Ослепленный гневом, я опустил взгляд на живот. Словно гром за молнией пришла жгучая боль. Как много раз до того, я начал произносить заклятие против кровотечения, но кто-то сомкнул мой рот ладонью, закинул голову назад, и шеей скользнула острая сталь. Слова захлебнулись струями крови.
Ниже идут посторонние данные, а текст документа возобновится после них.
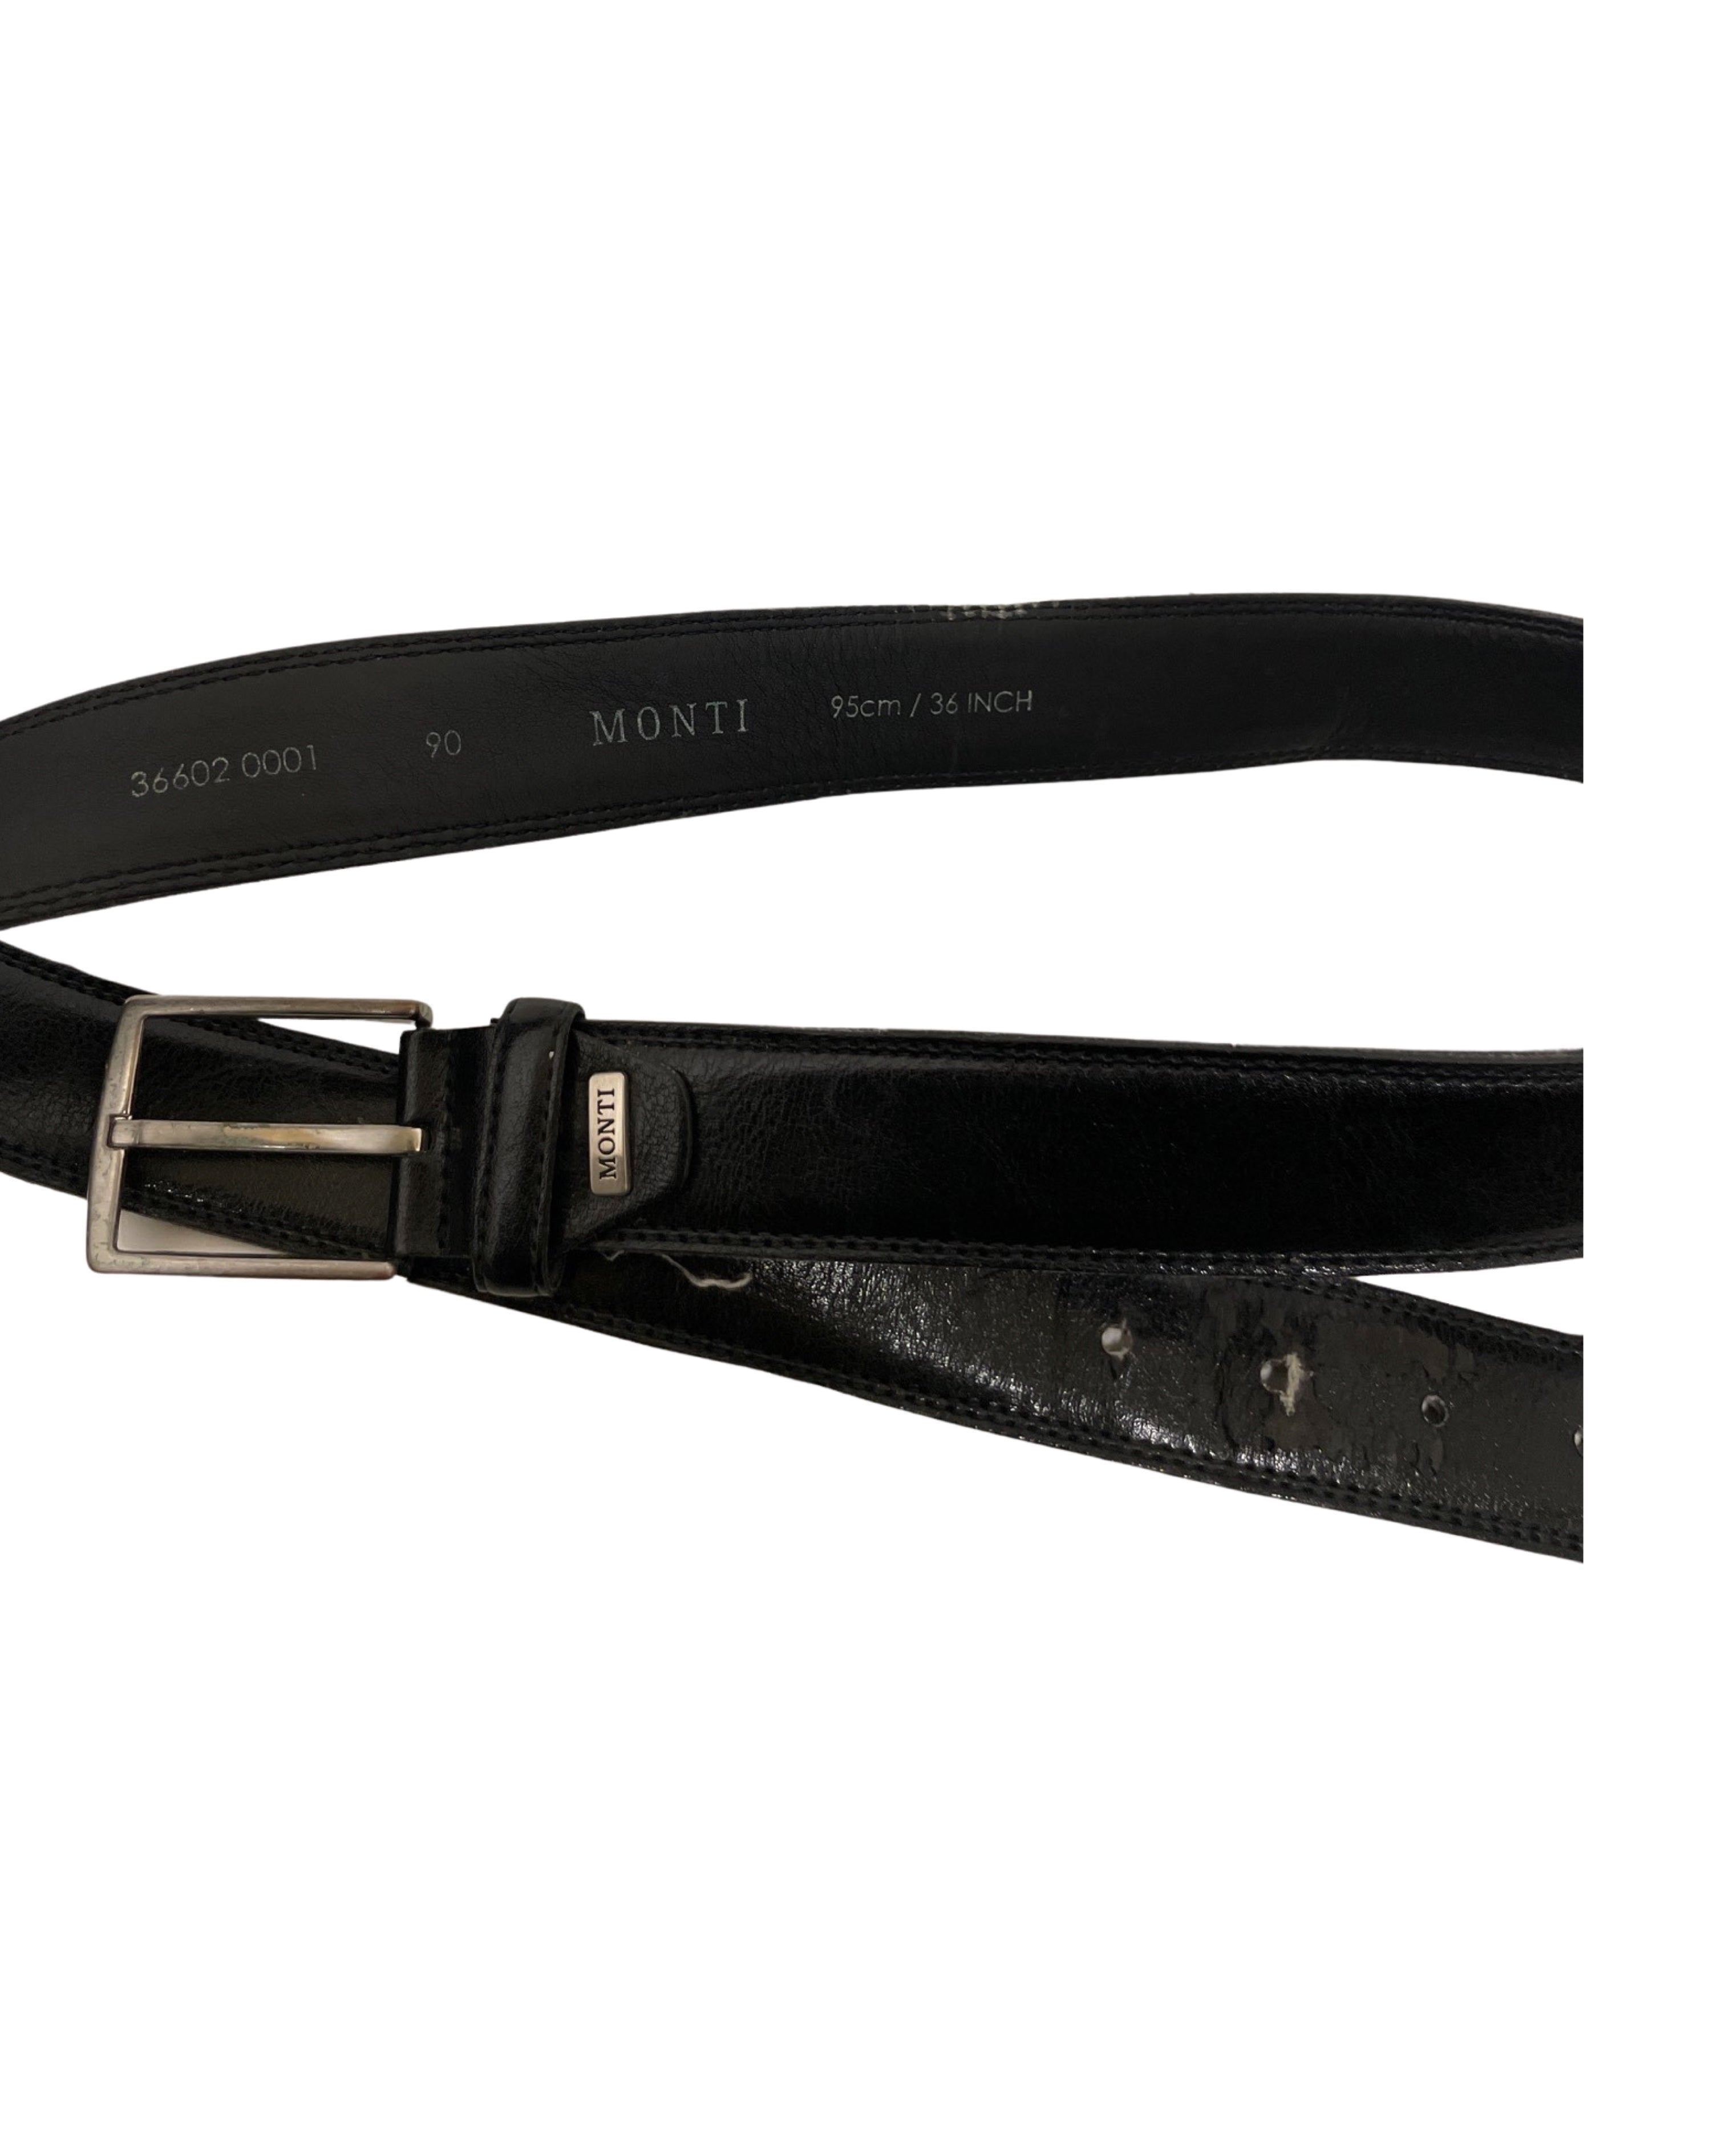 Vintage monti black leather mens belt size l

Медведь. Волк. Лиса. Сокол. Мамаевые дети, отобранные и обученные с моей помощью, преданные товарищи, с которыми воевал бок о бок и выпивал на хуторе Буда, теперь они вместе убивали меня, не зная, что я бессмертен.
На время мое ошеломленное сознание угасло. Передо мной в грязи лежал Мамай, избитый до смерти. Я наклонился, чтобы помочь, но упал на него; когда поднял голову, на меня в упор смотрело собственное лицо, обезображенное побоями.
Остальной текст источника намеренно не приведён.